Feb. 15, 2006 – A bill to study the feasibility of designating Castle Nugent Farms as a unit of the National Park System is scheduled for a hearing Thursday before the Subcommittee on Parks of the U.S. Senate's Energy and Natural Resources Committee, according to a release issued from Delegate to Congress Donna M. Christensen.
Christensen sponsored the bill, H.R. 318, which passed the U.S. House of Representatives unanimously on Nov. 15, 2005. The bill requires the Secretary of Interior to determine whether the 1,350-acre property on St. Croix's southeastern shore is suitable to become a part of the National Park System in the U.S. Virgin Islands.
A similar bill passed the House last year, but was not considered by the Senate before Congress adjourned. (See "Castle Nugent One Step Closer to National Park Status".)
The farm, which is best known as a breeding center of the world famous Senepol cattle, covers dry forest and pastureland rich in cultural resources predating the arrival of Christopher Columbus at Salt River in 1493. Located on the ranch is a large Danish estate house dating to the 1730s that is listed on the National Register of Historic Places. The land is bordered by four miles of pristine oceanfront with a coral reef, which some marine scientists say is the largest and healthiest in the territory.

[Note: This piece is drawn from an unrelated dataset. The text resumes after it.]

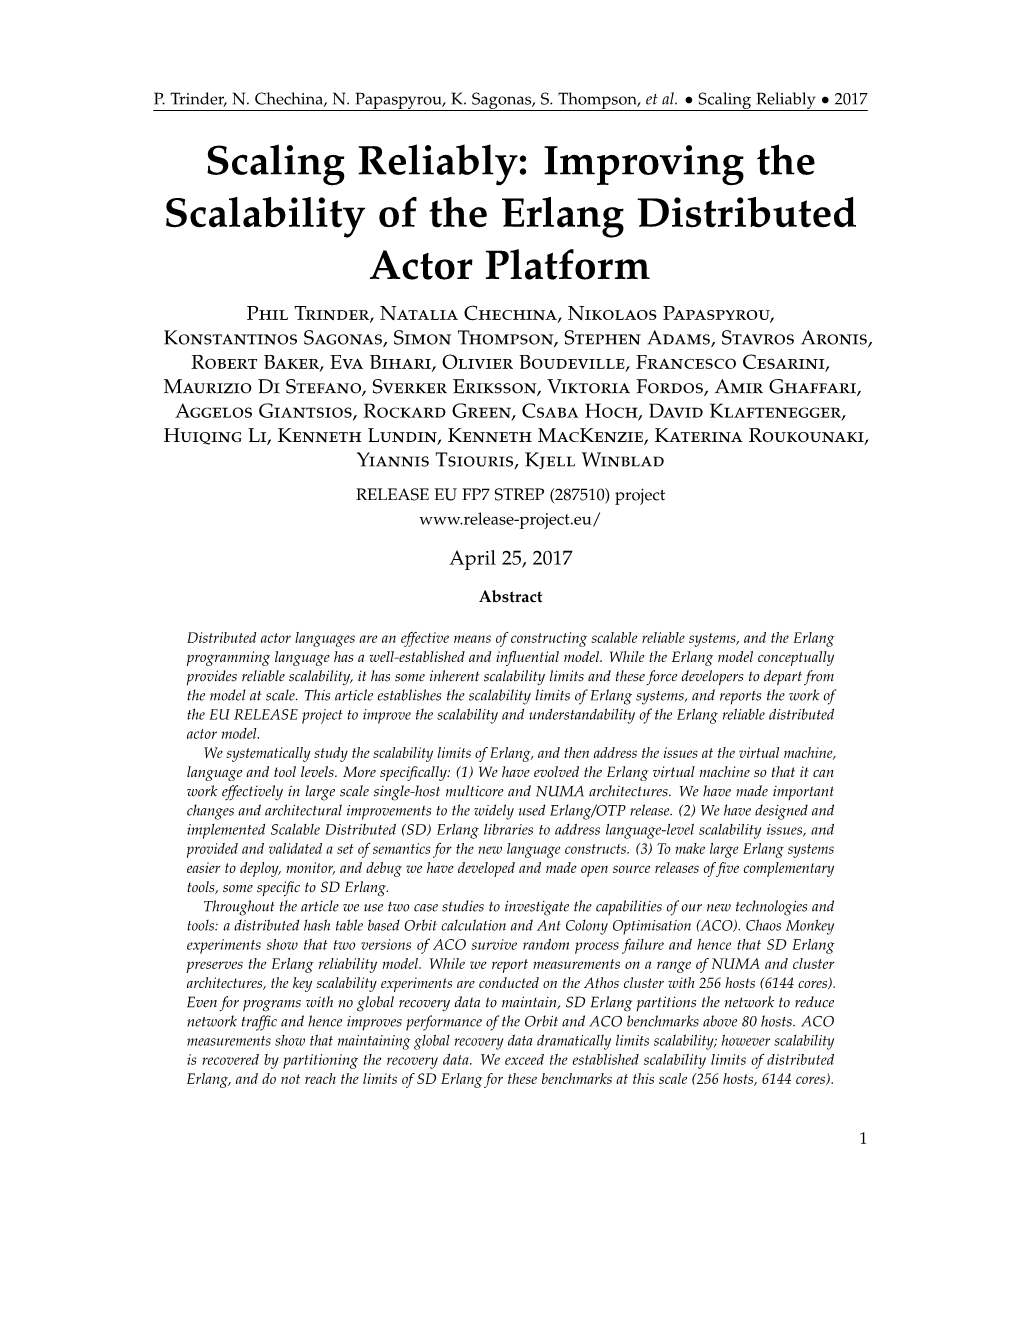 Scaling Reliably: Improving the Scalability of the Erlang Distributed

In 2003, Caroline Gasperi, one of the owners of the farm, said she has been approached by several people "who would like to divvy up the ranch for wall-to-wall condominiums or more casinos." She said the ranch is one of the oldest in the West Indies and having it designated as a National Park would be an advantage to the tourist market on St. Croix.
Christensen noted that both the National Park Service and the property owners are enthusiastic about the possibility of it becoming a National Park.
In support of the passage of her bill, Christensen said that the Gasperi family property contains natural and cultural resources that should be preserved and interpreted for future generations. "The owners are justifiably proud of their ranch, which contains more than four miles of pristine oceanfront with a large and healthy fringing coral reef," Christensen said.
"The interior of the property consists of Caribbean dry forest and pasture lands with cultural resources from both pre-Columbian and post-European settlement," Christensen said.
The property also includes a large Danish estate house dating to the 1730s that is listed on the National Register of Historic Places.